For over two years the collective AMD vs Intel personal computer battle has been sitting on the edge of its seat. Back in 2014 when AMD first announced it was pursuing an all-new microarchitecture, old hands recalled the days when the battle between AMD and Intel was fun to be a part of, and users were happy that the competition led to innovation: not soon after, the Core microarchitecture became the dominant force in modern personal computing today. Through the various press release cycles from AMD stemming from that original Zen announcement, the industry is in a whipped frenzy waiting to see if AMD, through rehiring guru Jim Keller and laying the foundations of a wide and deep processor team for the next decade, can hold the incumbent to account. With AMD’s first use of a 14nm FinFET node on CPUs, today is the day Zen hits the shelves and benchmark results can be published: Game On!
[A side note for anyone reading this on March 2nd. Most of the review is done, bar an edit pass or two. Most of the results pages have graphs, but no text. Please have patience while we finish.]
Launching a CPU is like an Onion: There are Layers
As AnandTech moves into its 20th anniversary, it seems poignant to note that one of our first big review pieces that gained notoriety, back in 1997, was on a new AMD processor launch. Our style and testing regime since then has expanded and diversified through performance, gaming, microarchitecture, design, feature-set and debugging marketing strategy. (Fair play to Anand, he was only 14 years old back then…!). Our review for Ryzen aims to encompass many of the areas we feel pertinent to the scale of today’s launch.
An Interview with Dr Lisa Su, CEO of AMD
The Product Launch: A Small Stack of CPUs
Microarchitecture: Front-End, Back-End, micro-op cache, GloFo 14nm LP
Chipsets and Motherboards: AM4 and 300-series
Stock Coolers and Memory: Wraith and DDR4
Benchmarking Performance: Our New 2017 CPU Benchmark Suite
Before the official launch, AMD held a traditional ‘Tech Day’ for key press and analysts in the past week over in San Francisco. The goal of the Tech Day was to explain Zen to the press, before the press explain it to everyone else. AMD likes doing Tech Days, with recent events in memory covering Polaris and Carrizo, and I don’t blame them: alongside the usual slide presentations recapping what is already known or ISSCC/Hot Chips papers, we also get a chance to sit down with the VPs and C-Level executives as well as the key senior engineers involved in the products. Some of the information in this piece we would have published before: AMD’s machine of tickle-out information means that we know a good deal behind the design already, but the Tech Day helps us ask those final questions, along with the official launch details.
So, What Is Zen? Or Ryzen?
A Brief Backstory and Context
The world of main system processors, or CPUs in this case, is governed at a high level by architecture (x86, ARM), microarchitecture (how the silicon is laid out), and process node (such as 28HPM and 16FF+ from TSMC, or 14LP from GloFo).

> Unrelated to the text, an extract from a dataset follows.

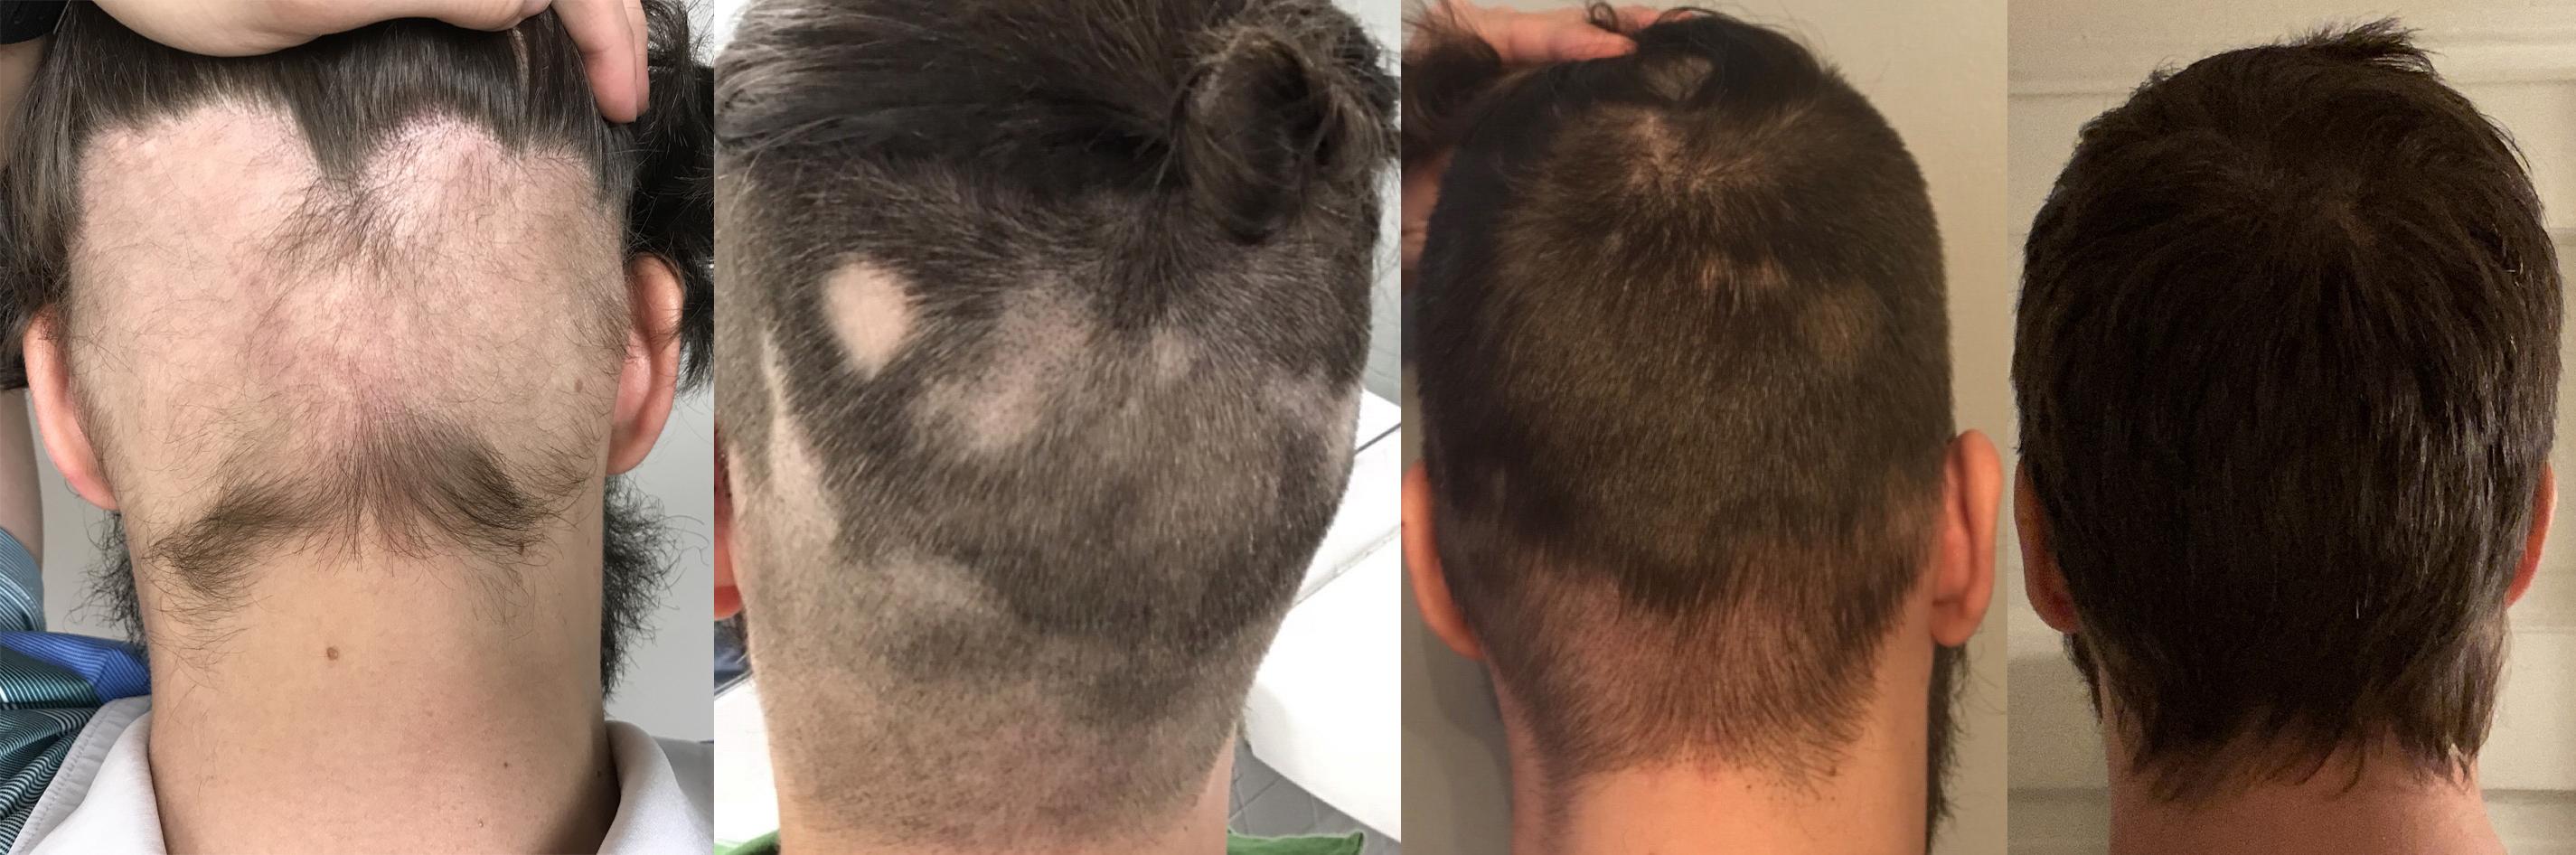 Alopecia Regrowth - David Fedor back

Beyond these we have issues of die area, power consumption, transistor leakage, cost, compatibility, dark silicon, frequency, supported features and time to market.
Over the past decade, both AMD and their main competitor Intel have been competing for the desktop and server computer markets with processors based on the x86 CPU architecture. Intel moved to its leading Core microarchitecture on 32nm around 2010, and is now currently in its seventh generation of it at 14nm, with each generation implementing various front-end/back-end changes and design adjustments to caches and/or modularity (it’s actually a lot more complex than this). By comparison, AMD is running its fourth/fifth generation of Bulldozer microarchitecture, split between its high-end CPUs (running an older 2nd Generation on 32nm), its mainstream graphics focused APUs (running 4th/5th Generation on 28nm), and laptop-based APUs (on 5th Generation).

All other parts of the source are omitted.